Ghosts appear when IKEA disappears women

What’s the world coming from if you can’t cater to Saudia Arabian consumers by airbrushing all women out of pictures in your catalog? Swedish furniture giant IKEA did that and they’re hearing it from angry women and human rights activists. Women: can’t have them in your fancy catalog, can’t airbrush them out of existence.

Anyway, the Wall Street Journal had a big piece in its business section on the brouhaha:

Representatives for Swedish furniture giant IKEA on Monday apologized for removing women from some of the photos in catalogs shipped to Saudi Arabia, and said the blame lies squarely with them, not the local franchisee.

The move to manipulate photos sparked criticism from government officials in Sweden and raised questions about how IKEA is living up to its own values.

IKEA’s catalog is shipped all over the world, with the company this year expected to publish 200 million copies with 62 different versions. The bulk of the catalog is exactly the same in most markets, but the company has said in the past it tailors the images to suit fashion-related tastes of local markets.

In some cases, however, the catalog is changed to align with cultural standards.

So we learn that IKEA has its own values and that the Saudi Arabian culture is different from that.

But those values and cultures aren’t explained very well.
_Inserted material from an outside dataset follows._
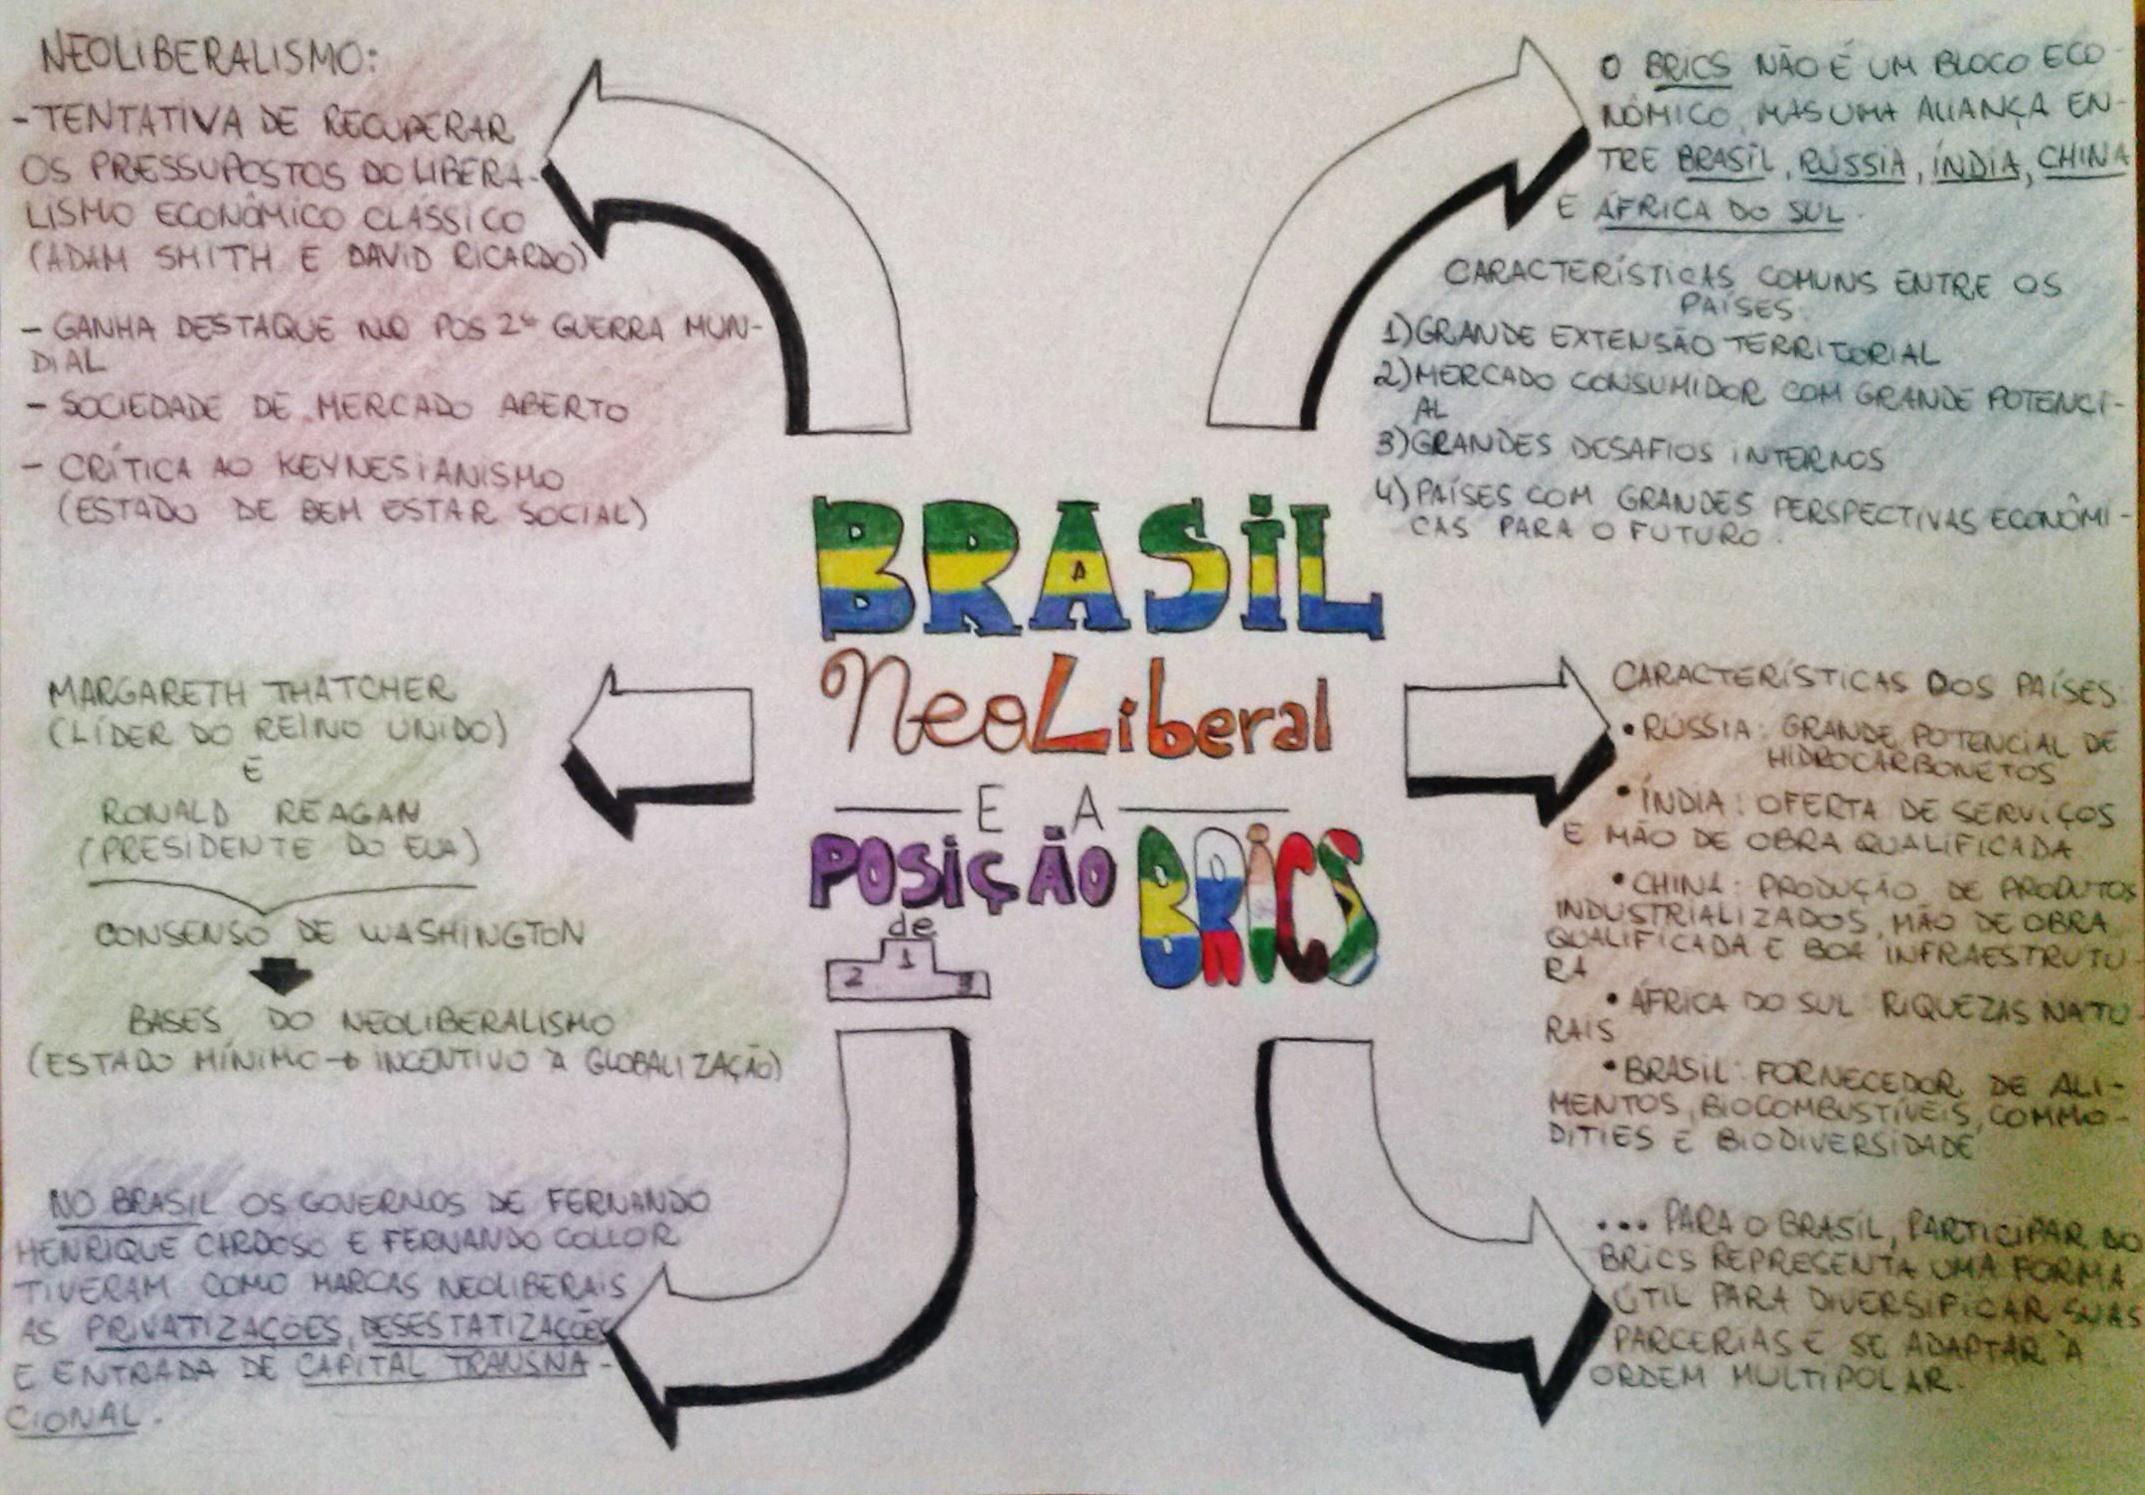 mapa-geo-brasil-neoliberal-posicao-brics

There’s a sample of what the airbrushing accomplishes above (voila! No woman!). And we learn how a Stockholm newspaper broke the story. We learn, again, that the airbrushing of women so as to pretend that women don’t exist is something IKEA now regrets.

[IKEA spokeswoman Ulrika] Englesson Sandman said the omissions were completely needless since Saudi Arabia doesn’t prohibit women from being depicted in marketing material. “We understand why people are upset,” she said.
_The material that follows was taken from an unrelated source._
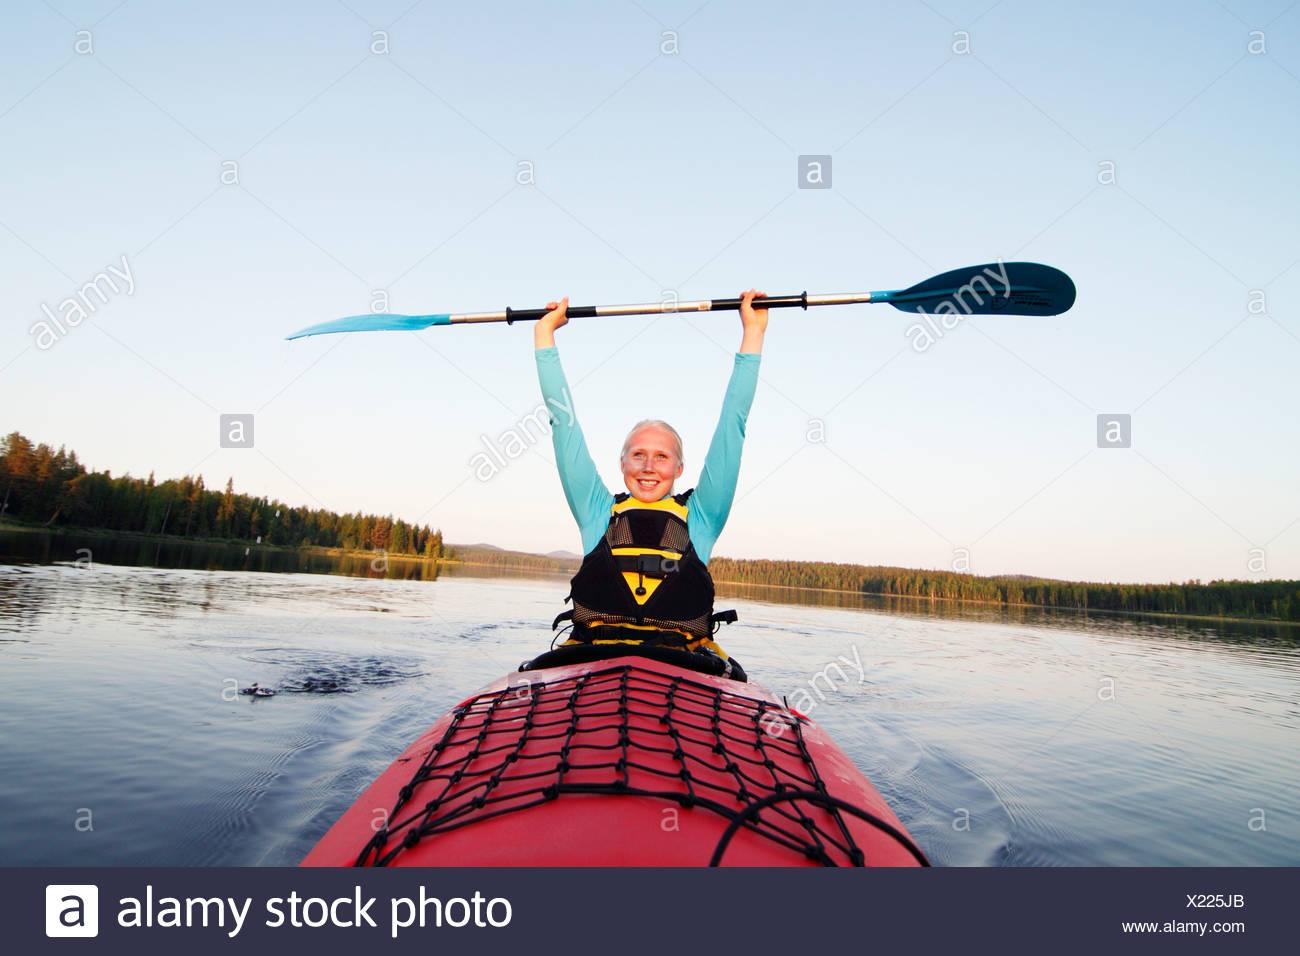 Smiling woman holding paddle Photo Stock

Saudi Arabia is often criticized for treatment of women that includes forbidding travel, study or work without permission from their male guardians. Saudi Arabia also prohibits women from driving a car.

OK, I realize that the Wall Street Journal is simply quoting the spokeswoman, but she’s wrong. Or not telling the whole truth. There are unbelievably dramatic restrictions on the depictions of women in Saudia Arabian marketing, including at the IKEA in Riyadh. It’s obvious that IKEA didn’t just — on a crazy whim based on nothing — decide to spend a lot of time and money removing women from ads. They did it for a reason. You can learn a bit about that reason by looking at the photos of the furnishings at the IKEA in Riyadh.

Call me crazy but maybe the story should quote some people who are not spokeswomen for IKEA. Perhaps the group investigating itself for why it did something isn’t the best one to talk to about what it all means. Maybe an outsider or two could help.

And when quoting the IKEA folks, maybe we could get them to explain more about their values than a simple reference to their non-discrimination policy.

And I can’t be the only person who wonders why religion doesn’t make an appearance in this story (apart from learning that IKEA doesn’t discriminate based on religion).

Talk about a ghost.

  • http://jaydinitto.com Jay DiNitto

    Why in the world is it a “right” for a certain interest group to appear in a business’ photographs? Good grief.

  • Jerry

    I don’t see religion appearing based on the final paragraph:

    The company, looking to avoid a potential political fallout, on Sept. 21 deleted a photo from its Russian corporate Web page showing four young people in balaclavas that could have been viewed as a gesture of support for three jailed members of Russian punk group Pussy Riot.

    From that it seems clear that Ikea was making a marketing decision and, in hindsight, a bad one. In this case it was a marketing decision based on their perception of the cultural and religious norms in Saudi Arabia. I’d bet that the people who made that decision never thought about the religious implications but strictly focused on what seemed to be a good marketing/sales choice.

    And given the gawker article showing what the Saudi censors actually did in various cases, I’m not surprised at their choices http://gawker.com/5947998/saudi-arabias-alternative-to-photoshopping-women-out-of-ads-scribbling-all-over-cleavage

    The real issue that should be covered is what happens when a secular good, making a profit, is in conflict with a moral/ethical good, being true to one’s beliefs.

  • Will

    Gasp! Next we’ll hear that the purpose of advertising is to sell stuff… or is the point that Ikea should not do business in Saudi Arabia?